## WHAT YOU ARE ASKED TO DO
The result should be an exact copy of only the lines from the one holding "New composite decks" through the last line of the data below, please, without pictures.

## DATA SHOWN

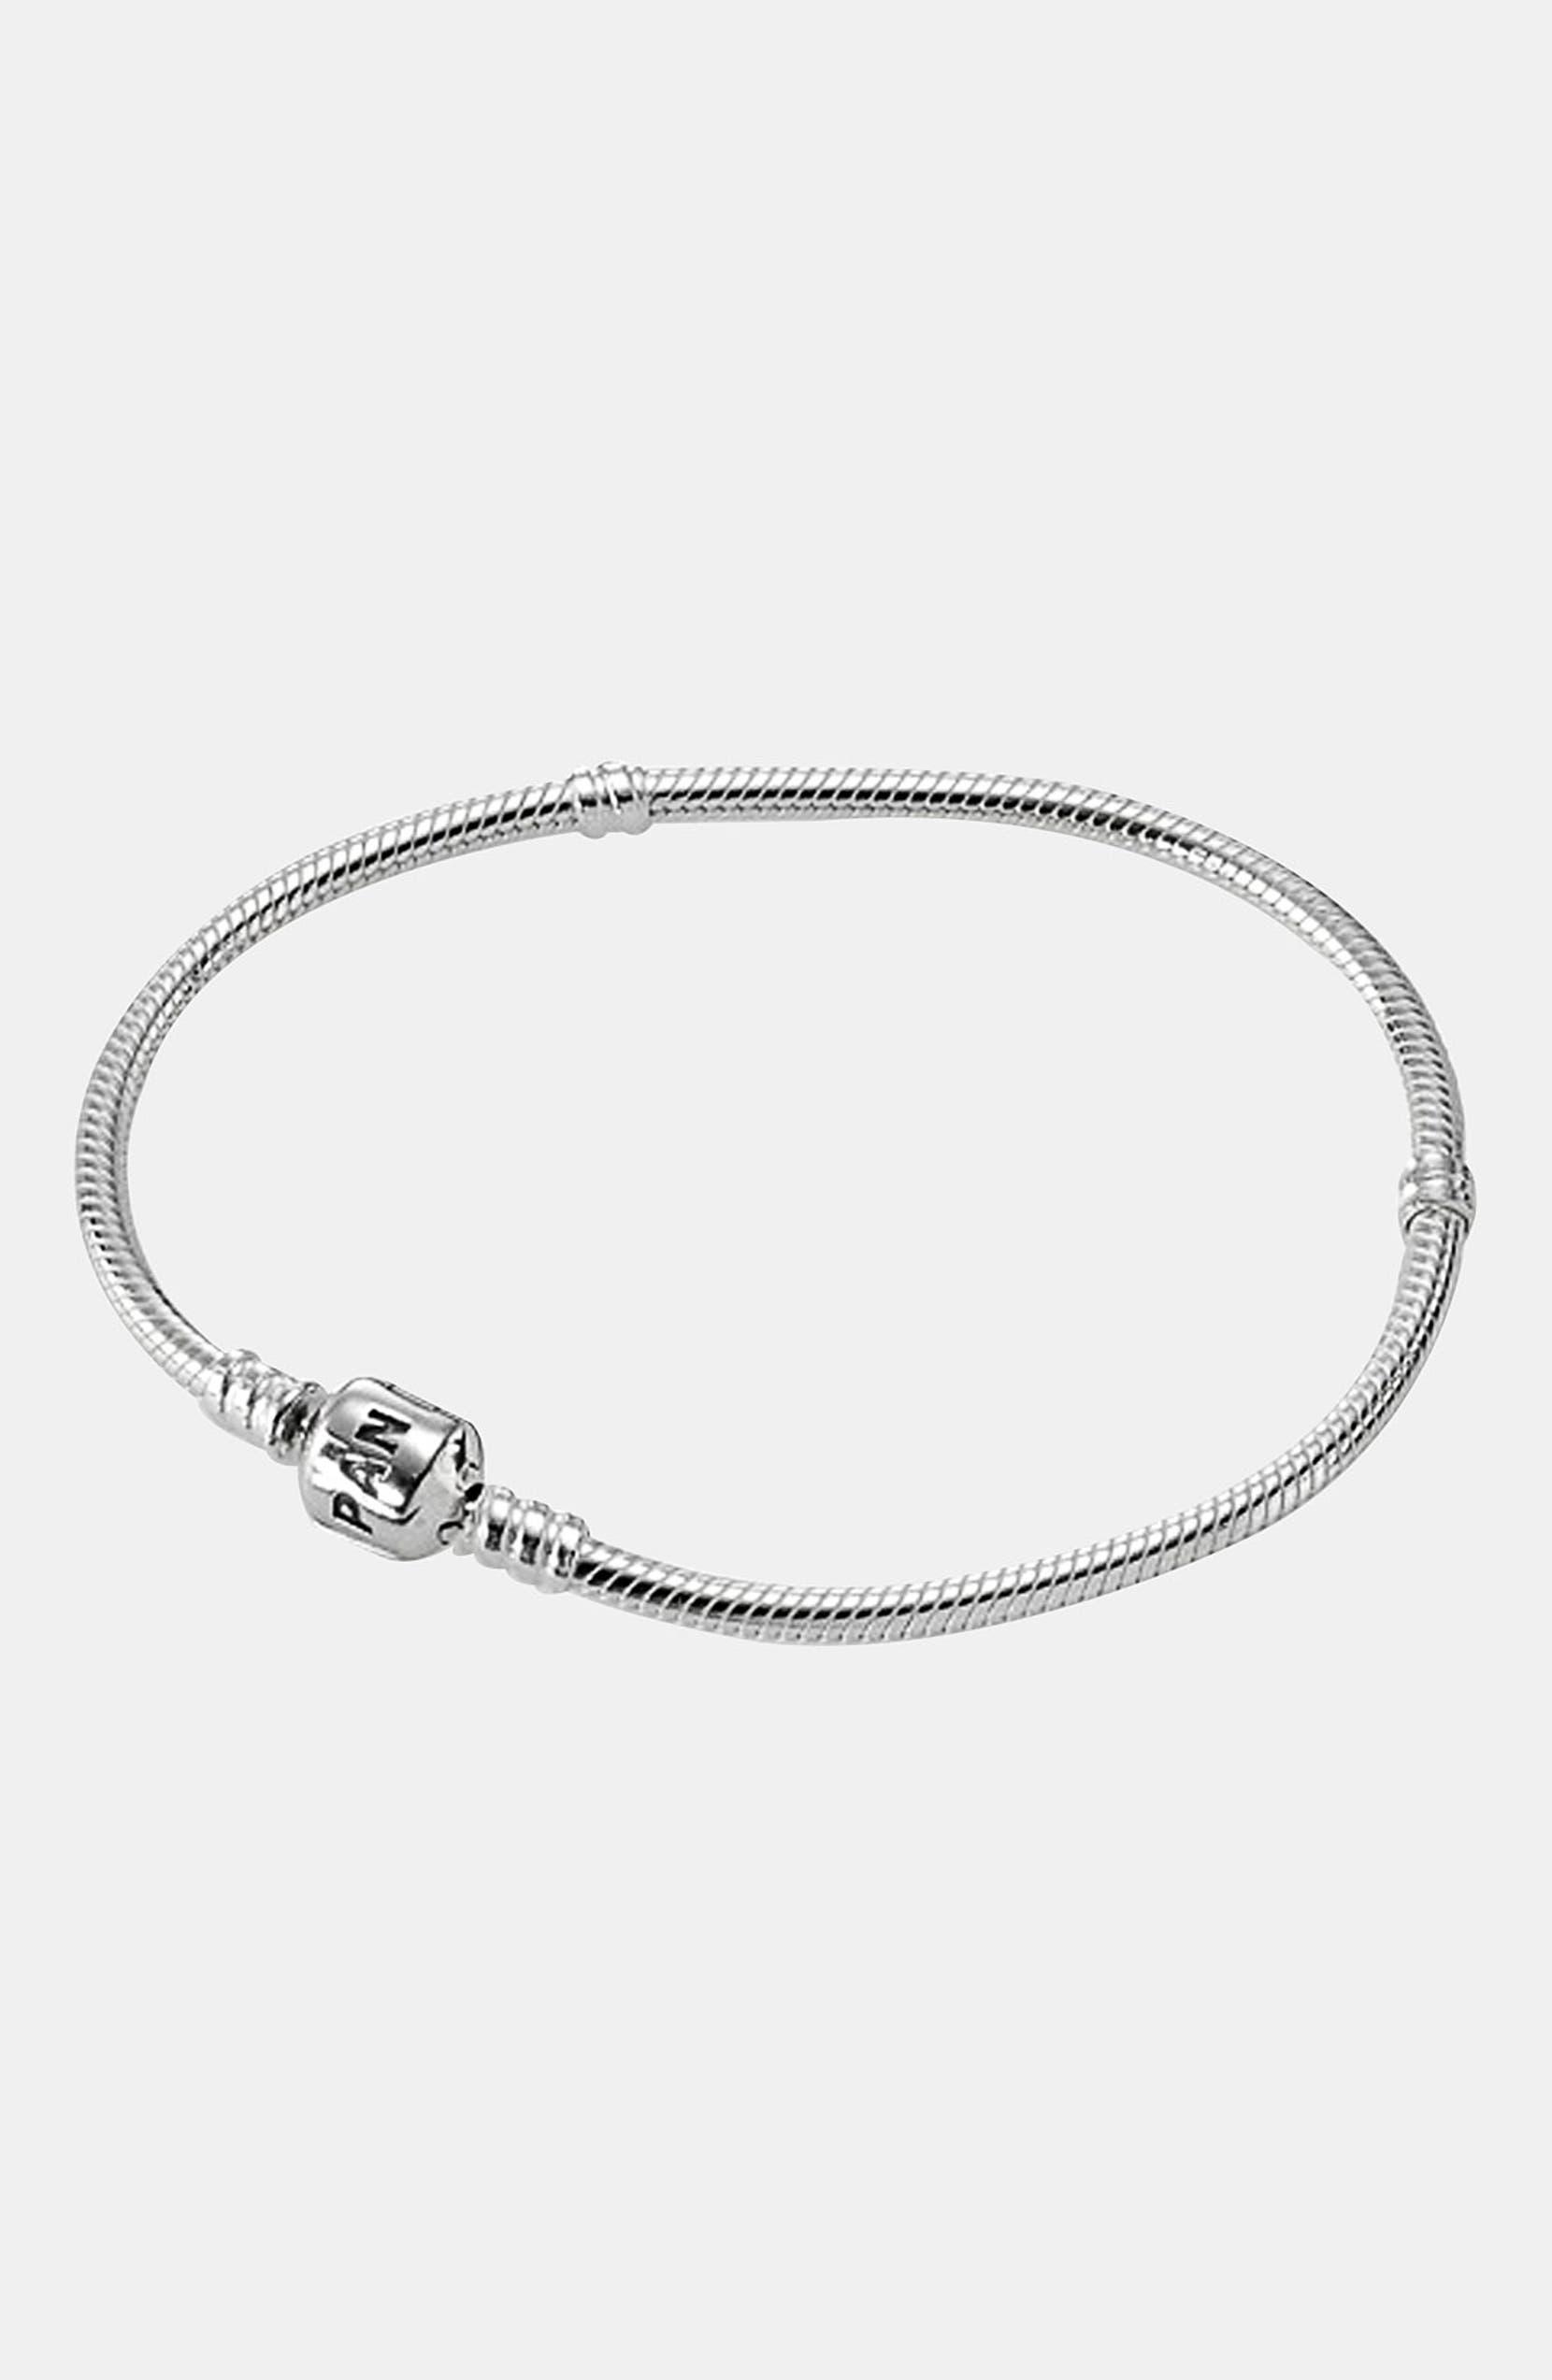 b37bffa24 PANDORA Iconic Silver Charm Bracelet | Nordstrom
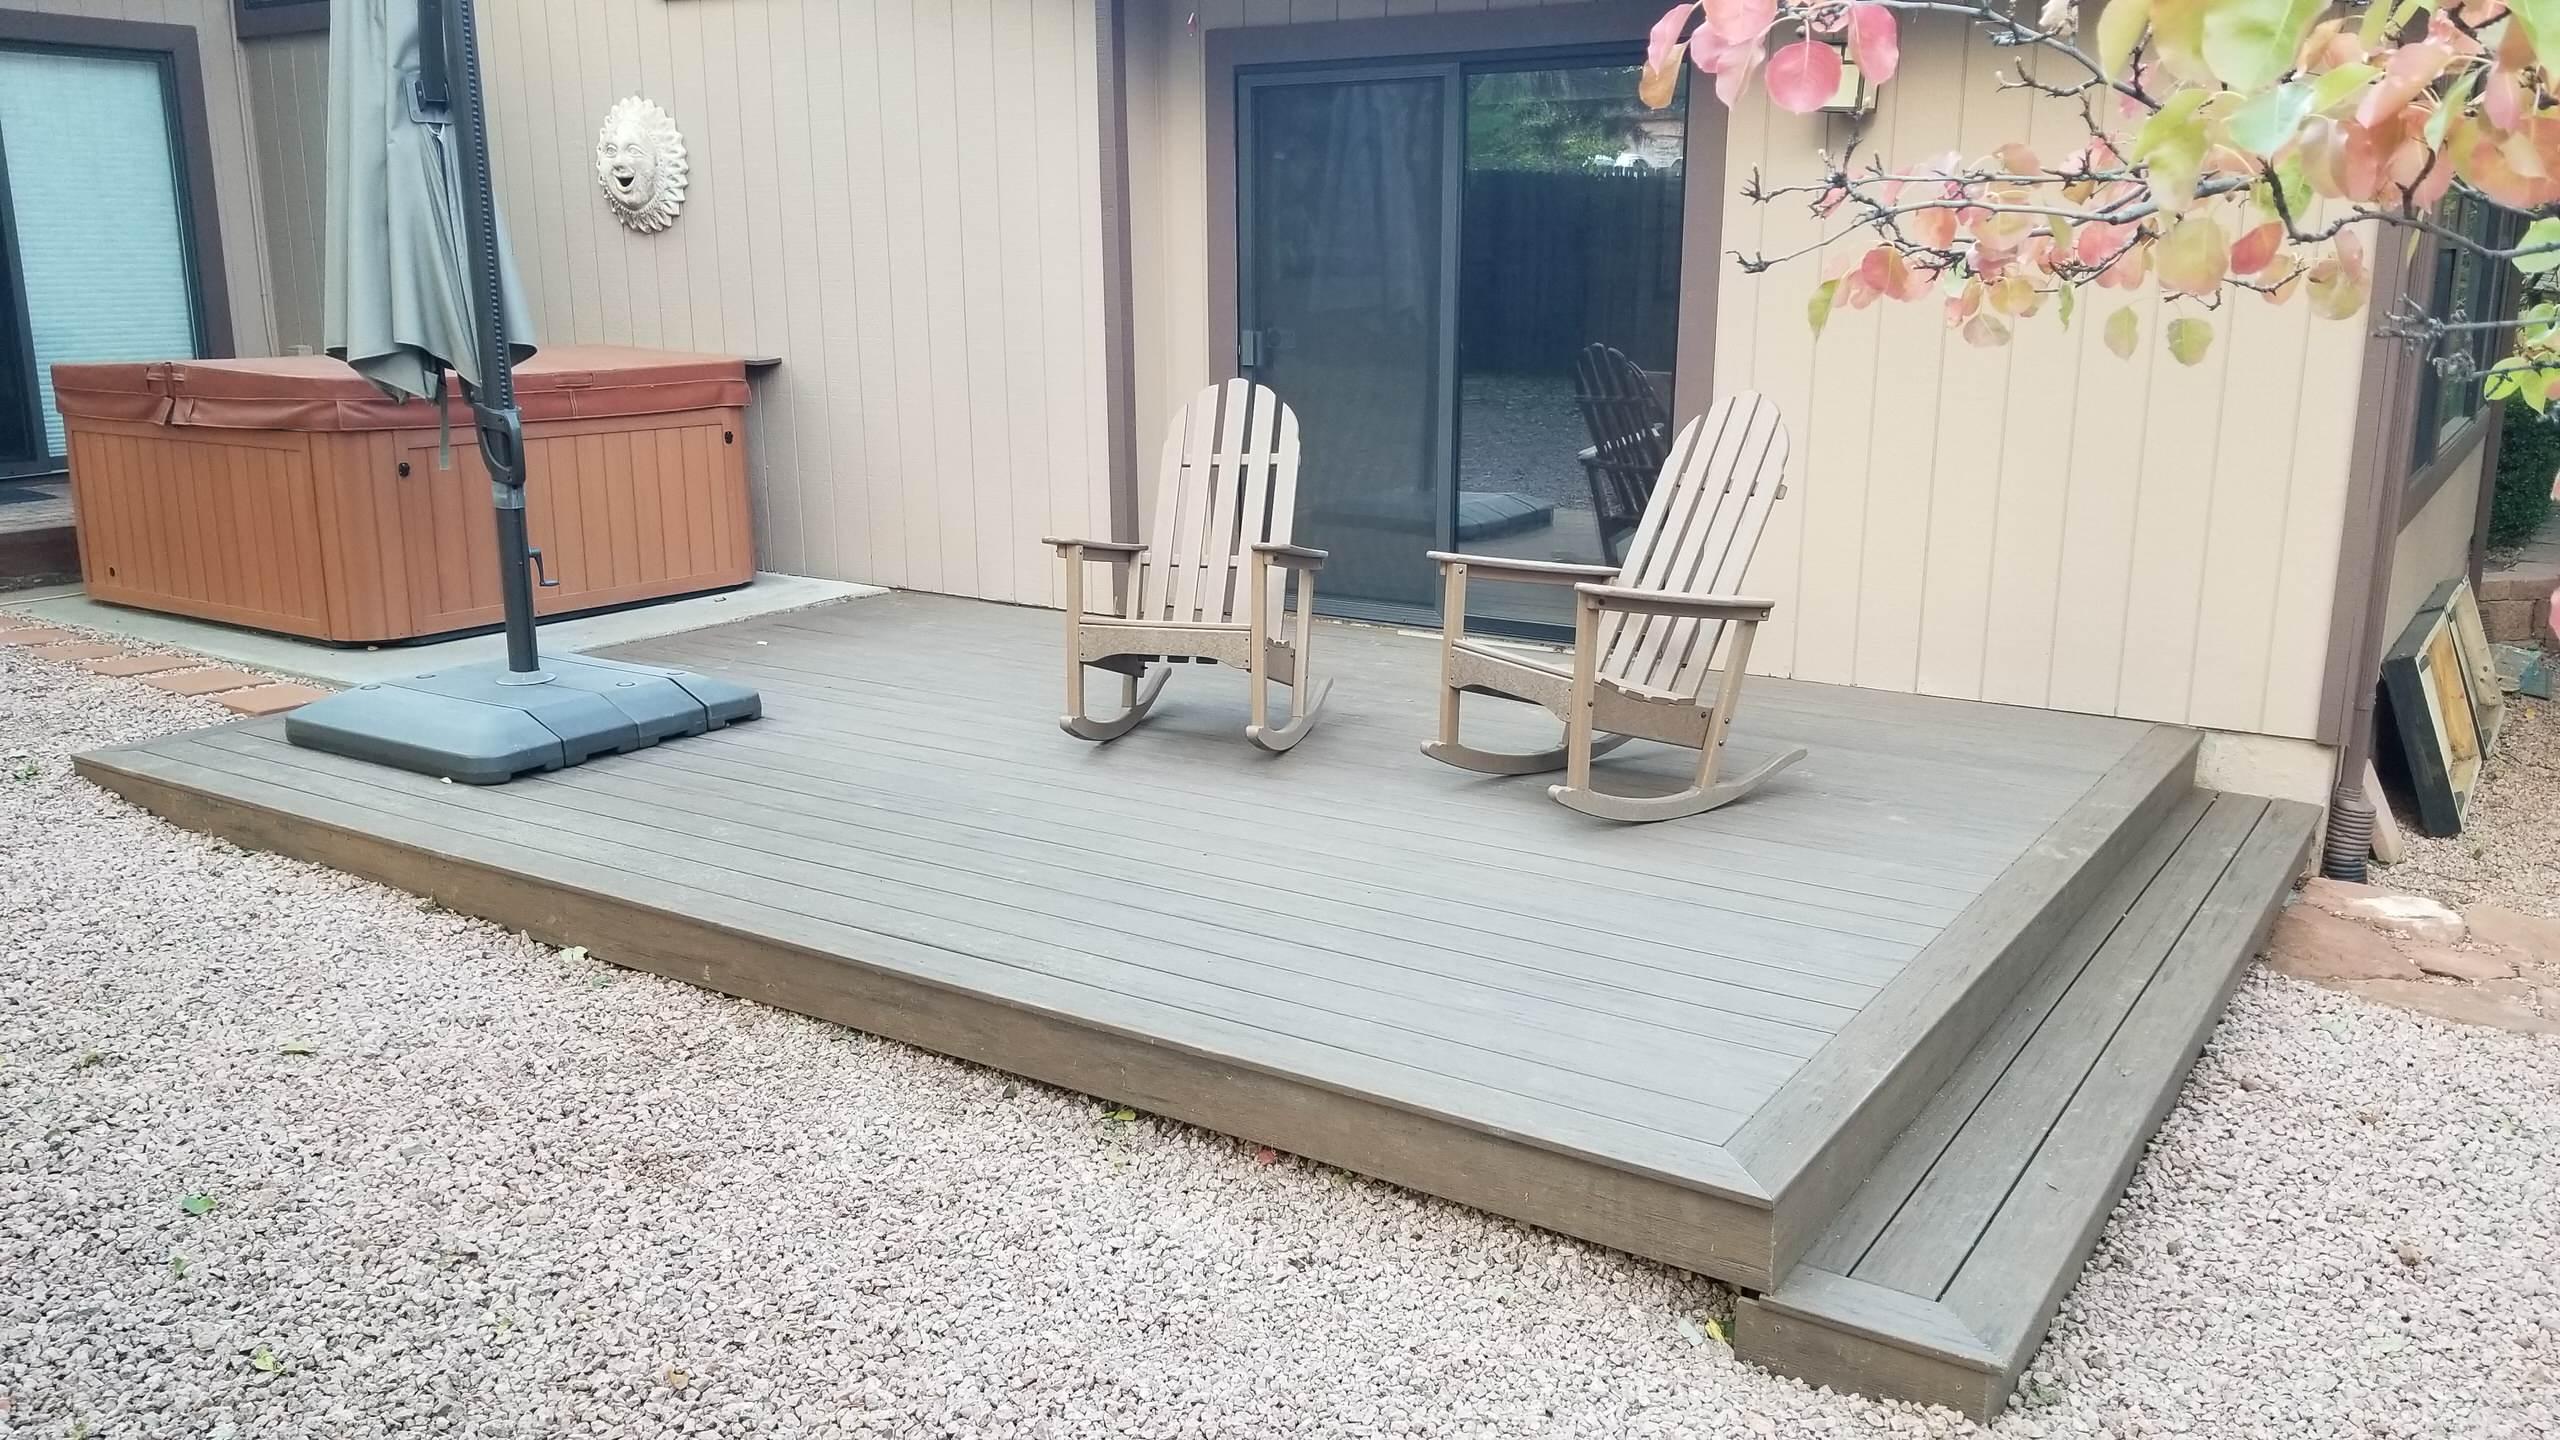 New composite decks are super easy outdoor hangouts
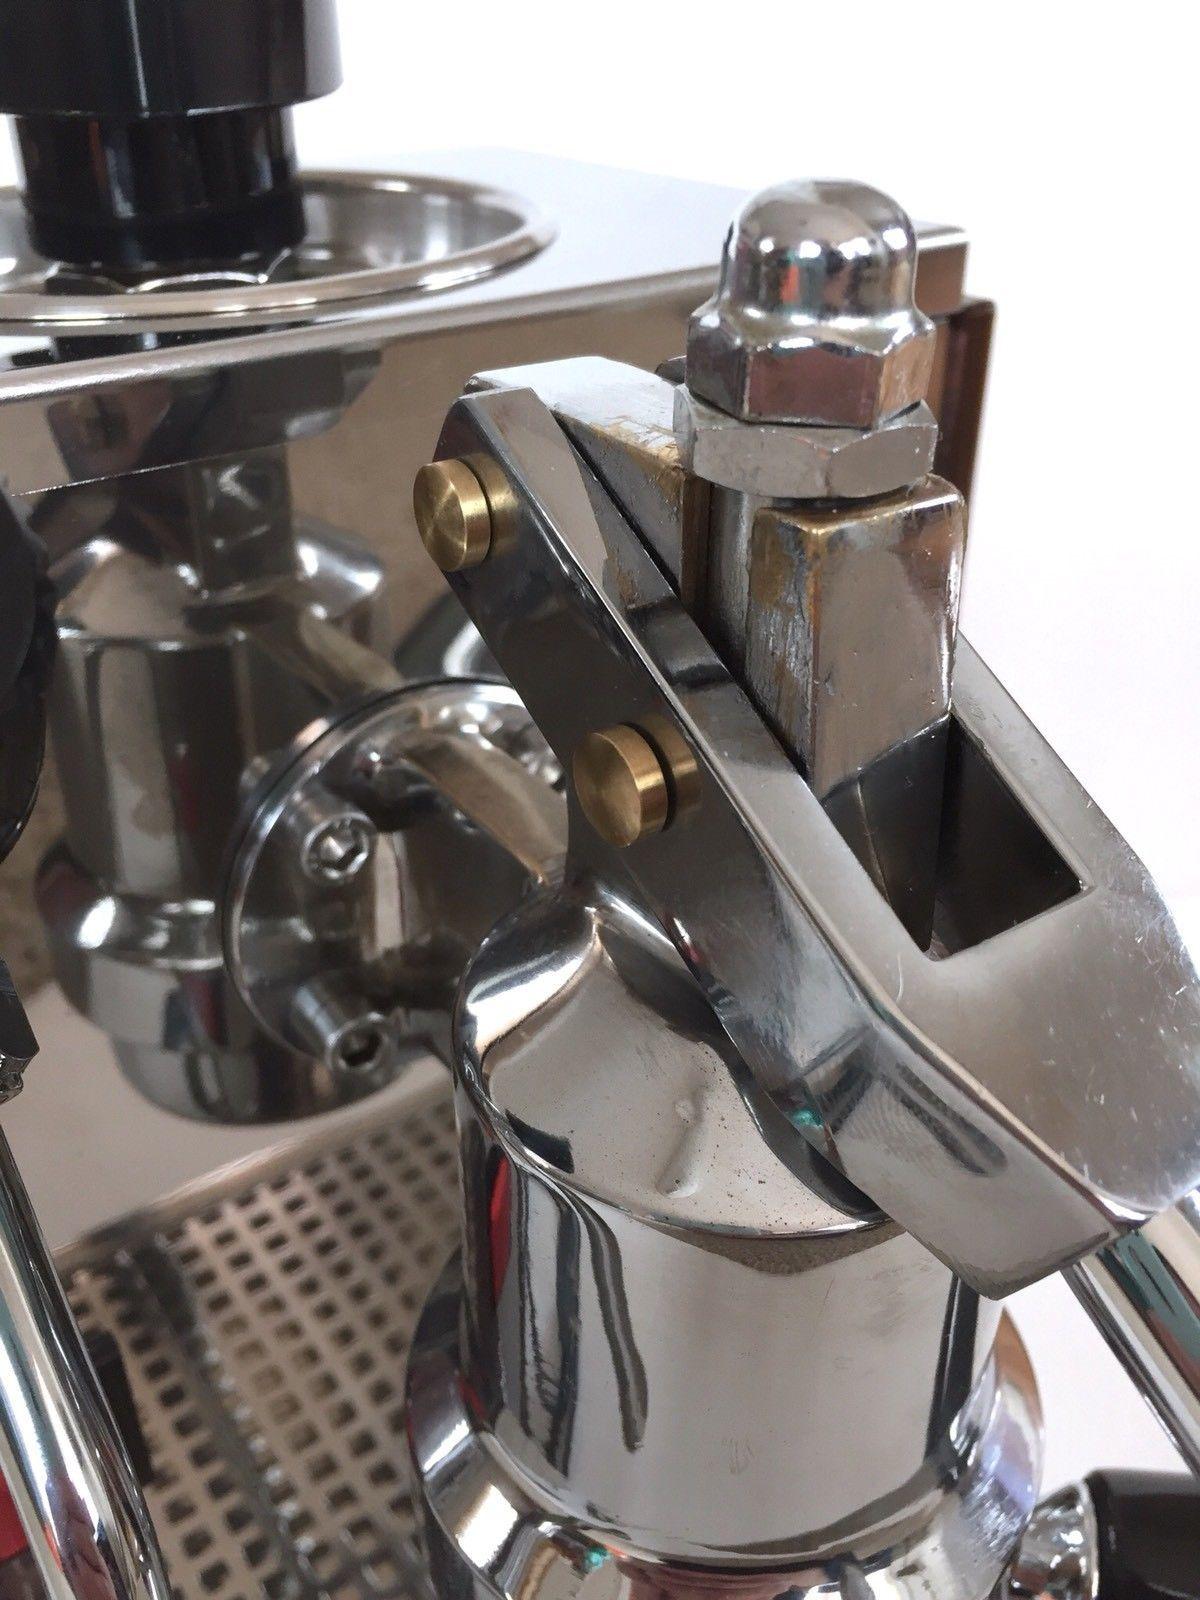 Olympia Express Cremina Vintage Lever Espresso Machine Clean Rebuilt Upgrades Ebay Espresso Machines Espresso Coffee Machine Espresso Machine

## PROBLEM SOLUTION
 New composite decks are super easy outdoor hangouts
 Olympia Express Cremina Vintage Lever Espresso Machine Clean Rebuilt Upgrades Ebay Espresso Machines Espresso Coffee Machine Espresso Machine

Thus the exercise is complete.